Goodskate
A platform for clarity in skating, movement, and development.
A skate can be fatiguing without building anything repeatable. It can look sharp in a drill without translating into context. It can feel varied without expanding what a player can actually control.
So what are we actually trying to do?
Goodskate exists to make skating more understandable in functional terms. It’s a space to think carefully about what quality skating actually looks like, how it develops, and why some movement holds up over time while other movement breaks down.

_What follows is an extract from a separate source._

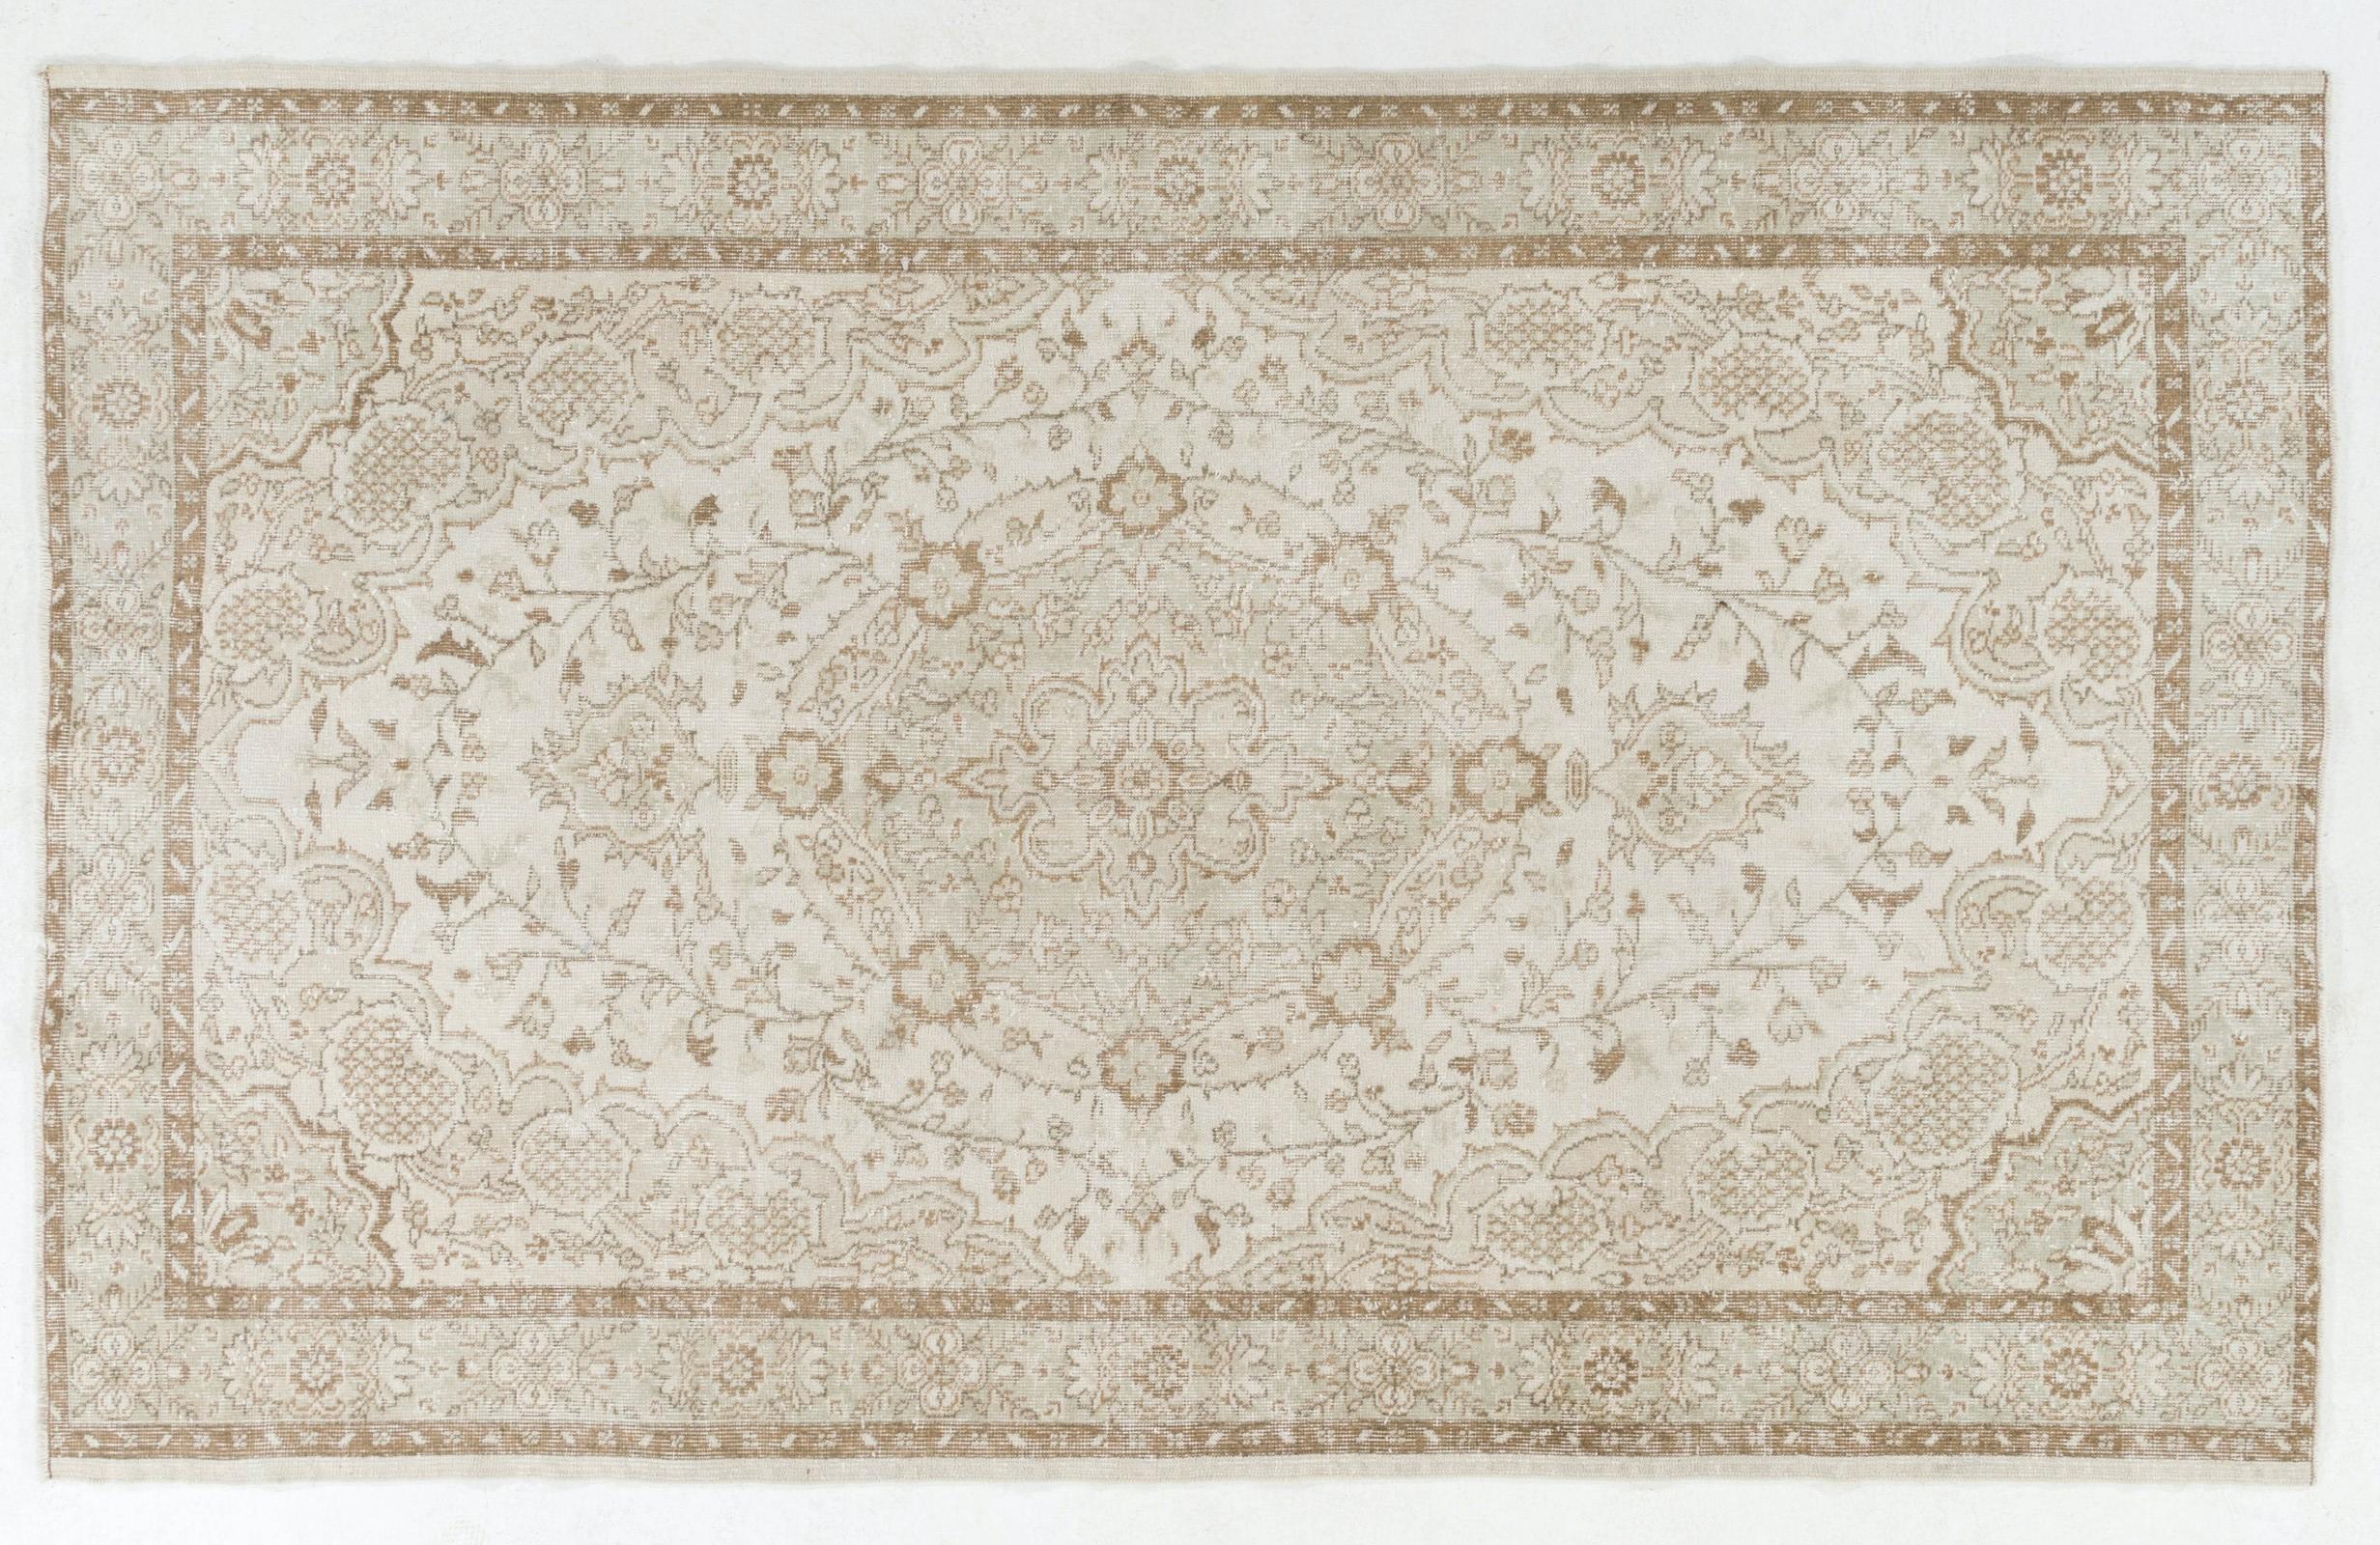 Cotton 6.2x9.7 Ft Vintage Hand-Knotted Turkish Oushak Wool Area Rug in Neutral Colors For Sale

The work here draws from two complementary frameworks—Reformed Powerskating and Functional Pragmatism—not as fixed programs to adopt, but as tools to better define, train, and observe skating that truly works.
Reformed Powerskating
Reformed Powerskating (RP) focuses on the mechanics of skating and how they function under real constraints. It treats skating as a system of interacting elements—stance, stride, edge engagement, acceleration, turning, gliding, sequencing, force application, and balance—as they appear in motion, under load, and in game conditions.
The reform is not about discarding powerskating, but about addressing its gaps and limitations. Traditional powerskating often emphasized:
isolated postures,
exaggerated movements held for demonstration,
“loud” mechanics (vertical hip oscillation, over-extended pushes, sweeping arm motions),
aesthetic correctness over functional organization,
and choreographed sequences that look controlled but do not scale into real performance.
Reformed Powerskating re-centers mechanics around what the game actually requires. It prioritizes:
stability that supports continuous movement,
force transfer that works at game speed,
stride patterns that remain organized under pressure,
edge control that connects to timing and decision-making,
and movement that maintains integrity across variable situations.
In short, it works backward from the demands of the game toward the mechanics and capacities that enable them. The objective is simple: movement made for the game—skating that meets the demands of the sport.
Functional Pragmatism
Functional Pragmatism (FP) provides the principles that explain how movement develops and why certain interventions work. It draws from motor learning, biomechanics, ecological psychology, and systems thinking, but remains grounded in practical outcomes.
Functional Pragmatism clarifies:
how stability supports adaptability,
how patterns form, deepen, collapse, and reorganize,
how attunement becomes persistent,
how plasticity underlies retention,
how capacities shape coordination,
how constraints influence but don’t fully determine solutions,
how abilities underpin skill,
how diagnostic variation reveals limitations,
and how learning is both informational and mechanical.
Functional Pragmatism gives language and logic to what skaters actually experience on the ice. Where Reformed Powerskating builds the movement, Functional Pragmatism explains why it works.
Principles meeting practice
Together, Reformed Powerskating and Functional Pragmatism form a coherent system. Functional Pragmatism describes how movement and skill develop.
Reformed Powerskating applies those principles to how skating functions under real constraints.
They meet in core concepts such as:
stability (mechanical, coordination, perceptual, neural, behavioural),
attunement,
movement capacity,
coordination patterns,
variability that supports structure,
the mechanics–abilities–skill taxonomy,
robustness across contexts,
and diagnosis through controlled variation.
Goodskate sits at this intersection—where principles and practice come together.
By grounding explanations in how movement actually works, I’ll aim to clarify concepts that are often used loosely, connect mechanical and developmental principles, and bridge the gap between theory and the on-ice realities of skating.
What will emerge is a more functional meaning of “good skating.”
Rather than an aesthetic style or isolated pattern, good skating can be understood as movement organized around purpose and performance.
Structure under force — maintaining integrity through speed, load, and contact.
Efficient energy transfer — directing force cleanly through the system without collapse.
Stable yet flexible coordination — patterns that adapt without deteriorating.
Effective center of mass and blade management — balance, control, and edge access in motion.
Real-time reorganization — reading information and adjusting movement accordingly.
Stability without stiffness; flexibility without fragility — consistent mechanics paired with adaptive capacity.
Robust problem-solving — functional performance across speeds, angles, opponents, and pressures.
Goodskate seeks to bring these elements into focus and provide a consistent language for players, coaches, and parents—describing skating not by how it looks in isolation, but by how it functions within the demands of the sport.
This focus naturally leads to the questions that guide the work here:
What are the non-negotiables of strong skating in hockey — in function, not just in theory?
What should a coach be able to diagnose quickly?
What can be built through targeted work, and what only changes through time and exposure?
Which common skating cues are useful, and which are simply tradition?
How do we hold coaching to a consistent quality standard?
How do we make skating improvement measurable and repeatable?
Ultimately: What are we building, how do we know, and what should it look like when it works?
If we can answer that better, skating development becomes easier to define, easier to coach, and easier to trust.